Kooperation eines mittelständischen Unternehmens mit dem Caritasverband als Träger des Mehrgenerationenhauses Haslach

Es wurde eine «Hotline» eingerichtet, über die sich ausschließlich die Mitarbeiterinnen und Mitarbeiter der Firma melden können. Anfragen zu sozialen Anliegen werden dann direkt entgegen genommen. Dazu gehören plötzlich auftrende soziale Notlagen genauso, wie allgemeine Lebensfragen, Eirziehungsberatung, wie Fragen rund um die Versorgung von Pflegebedürftigen. Eine eventuell notwendige Vermittlung in Fachdienste des Trägers oder anderen kann dann umgehend erfolgen.*

Blattwerk Gartengestaltung GmbH: Der Pflegefall geht vor, das Betriebliche kann anders organisiert werden.

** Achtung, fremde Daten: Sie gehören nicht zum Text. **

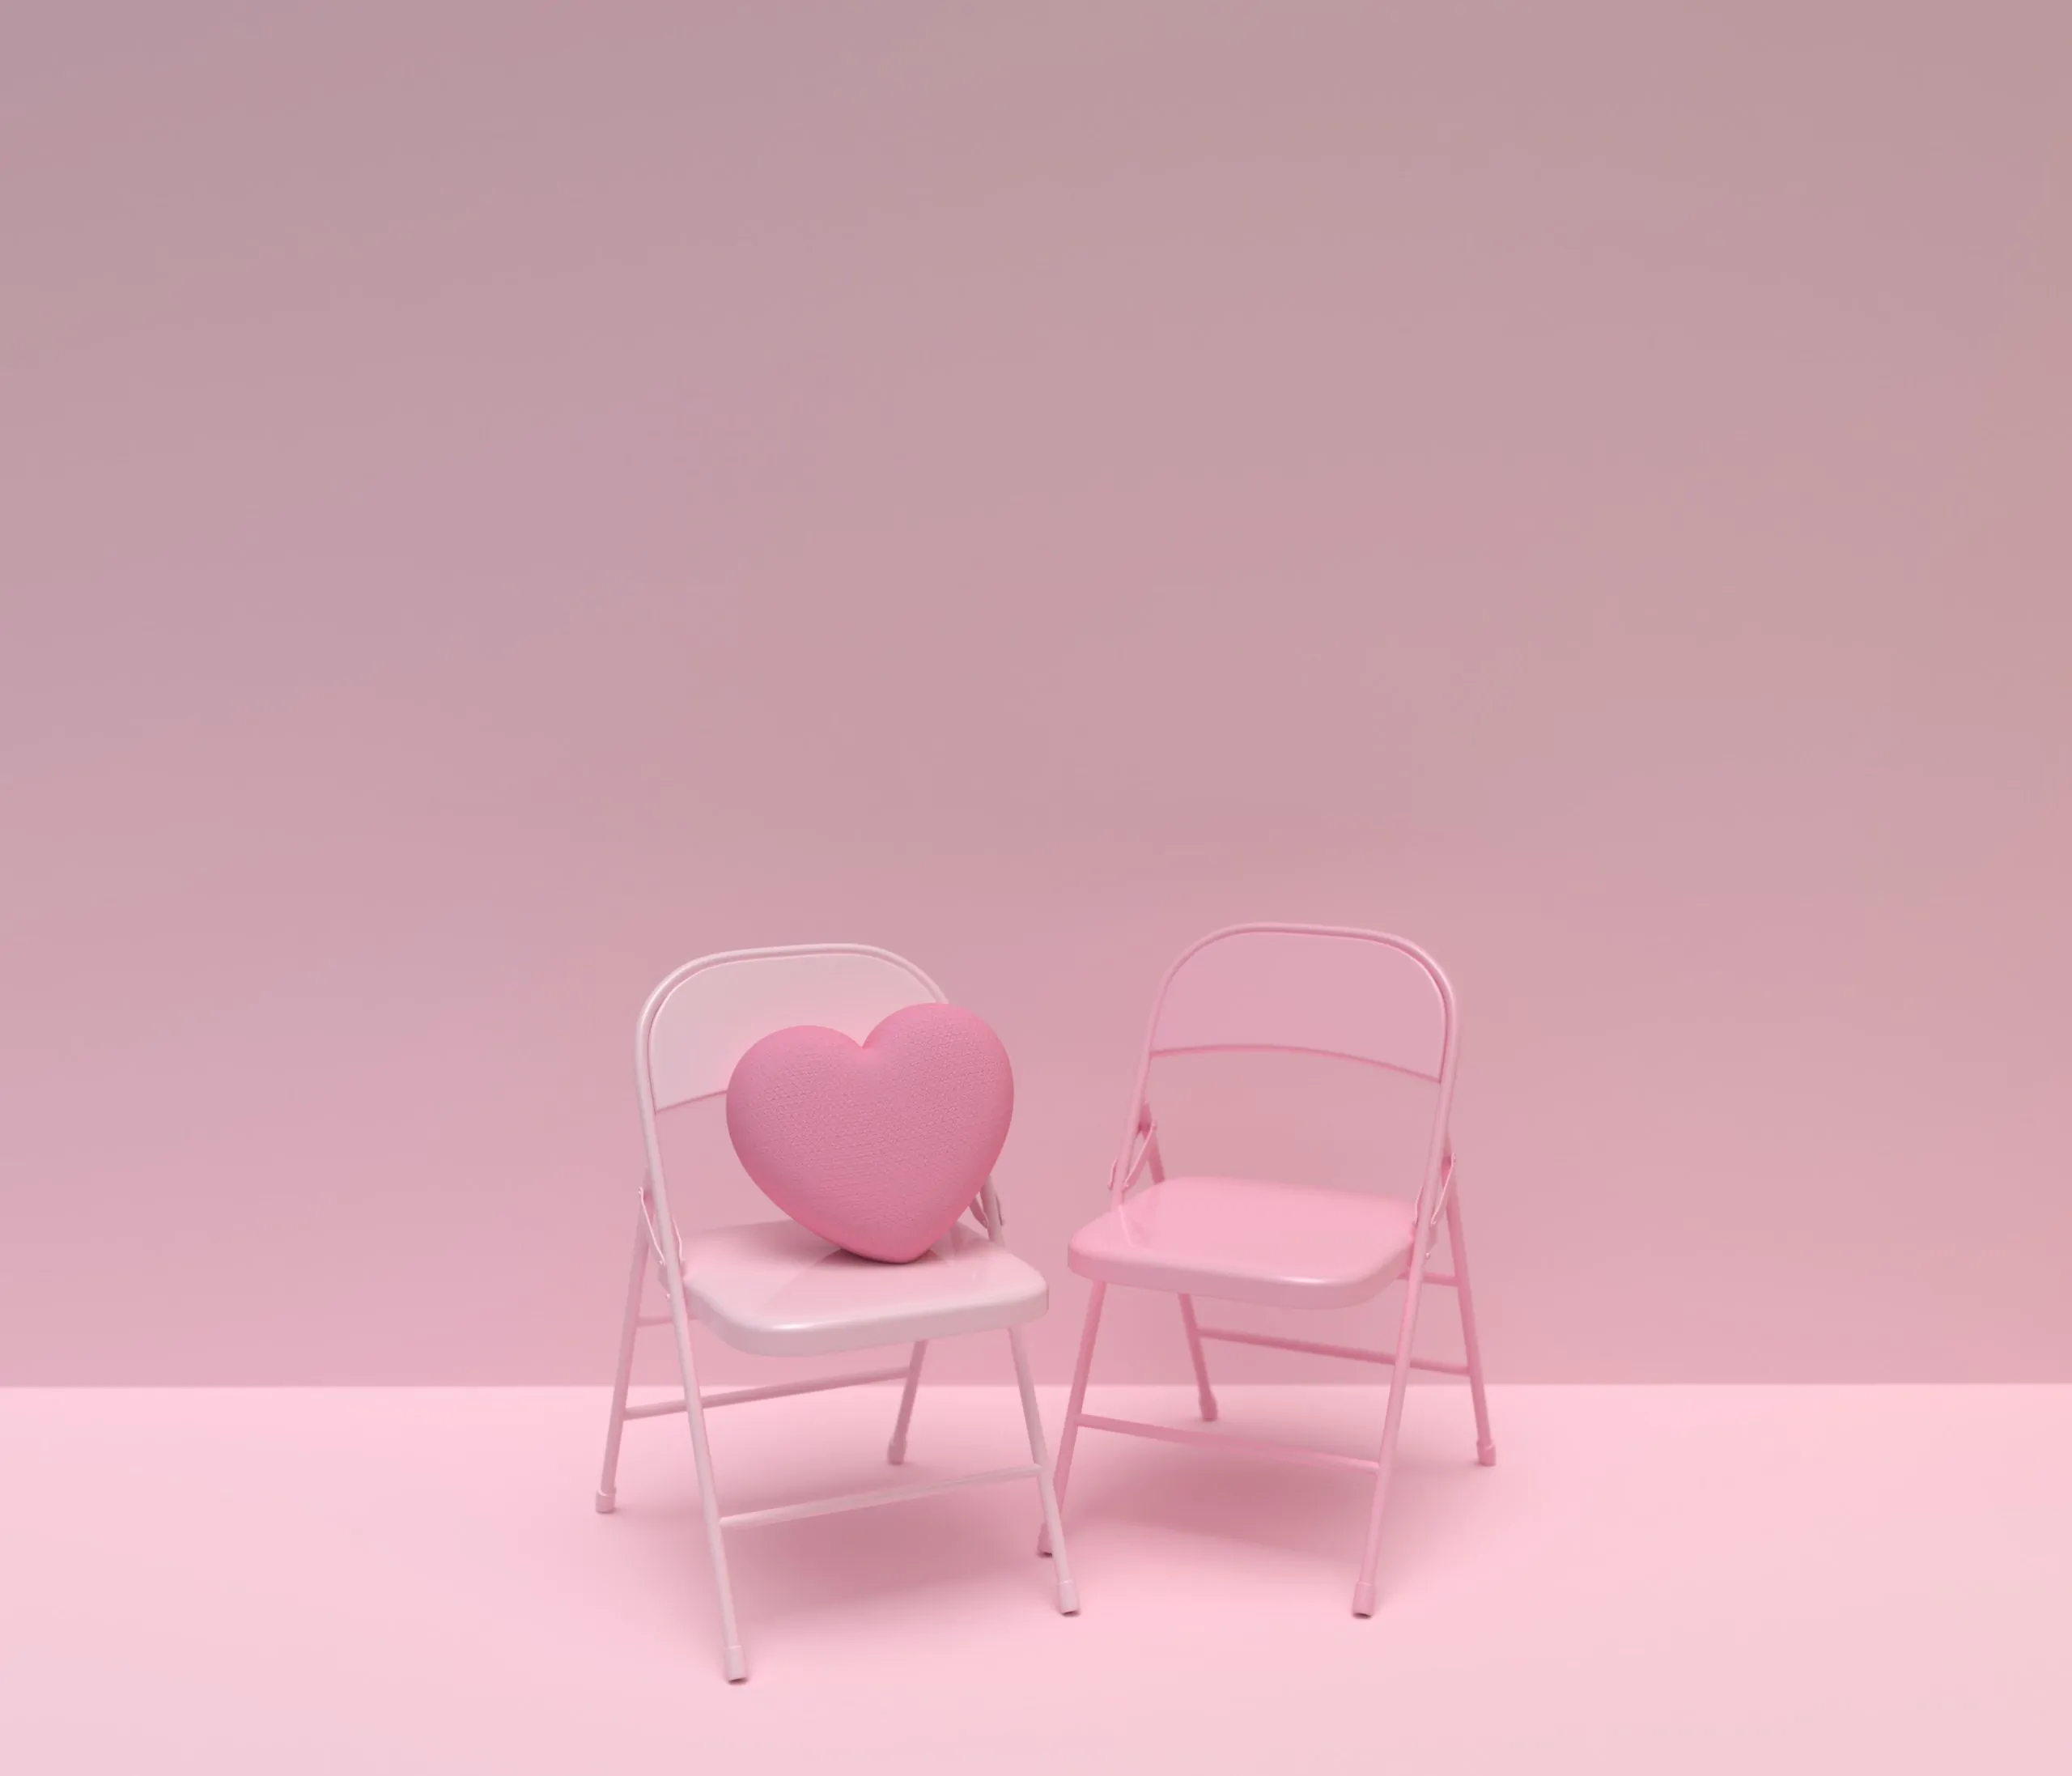 Deux chaises pliantes roses avec un cœur dessus.

Pflege von Angehörigen und private Notsituationen führen zu einem Betrieb von 30 Beschäftigten recht schnell zu spürbaren Engpässen. Dennoch hat sich die Blattwerk Gartengestaltung in Stuttgart zum Ziel gesetzt, allen Mitarbeiterinnen und Mitarbeitern den Rücken frei zu halten, wenn sie mit diesen Situationen konfrontiert sind. Reduzierung von Arbeitszeit und kurzfristiger, auch unbezahlter Urlaub, sind grundsätzlich immer möglich und werden von den Mitarbeiterinnen und Mitarbeitern auch genutzt.*

Landratsamt Göppingen: Vereinbarkeit von Beruf und Pflege – Unterstützung pflegender Angehöriger als Zukunftsaufgabe

Um die Vereinbarkeit von Erwerbsleben und häuslicher Pflege zu erhöhen, hat das Landratsamt Göppingen für Beschäftigte mit pflegebedürftigen Angehörigen Informations- und Beratungsangebote sowie Austauschmöglichkeiten geschaffen. In den Jahren 2013 bis 2015 wurde die aus drei Modulen bestehende Inhouse-Veranstaltungsreihe «Vereinbarkeit von Beruf und Pflege» konzipiert und durchgeführt.*

* Quelle: Gesellschaftsreport BW: Vereinbarkeit von häuslicher Pflege und Erwerbstätigkeit. Ministerium für Soziales und Integration Baden-Württemberg, Familienforschung Baden-Württemberg.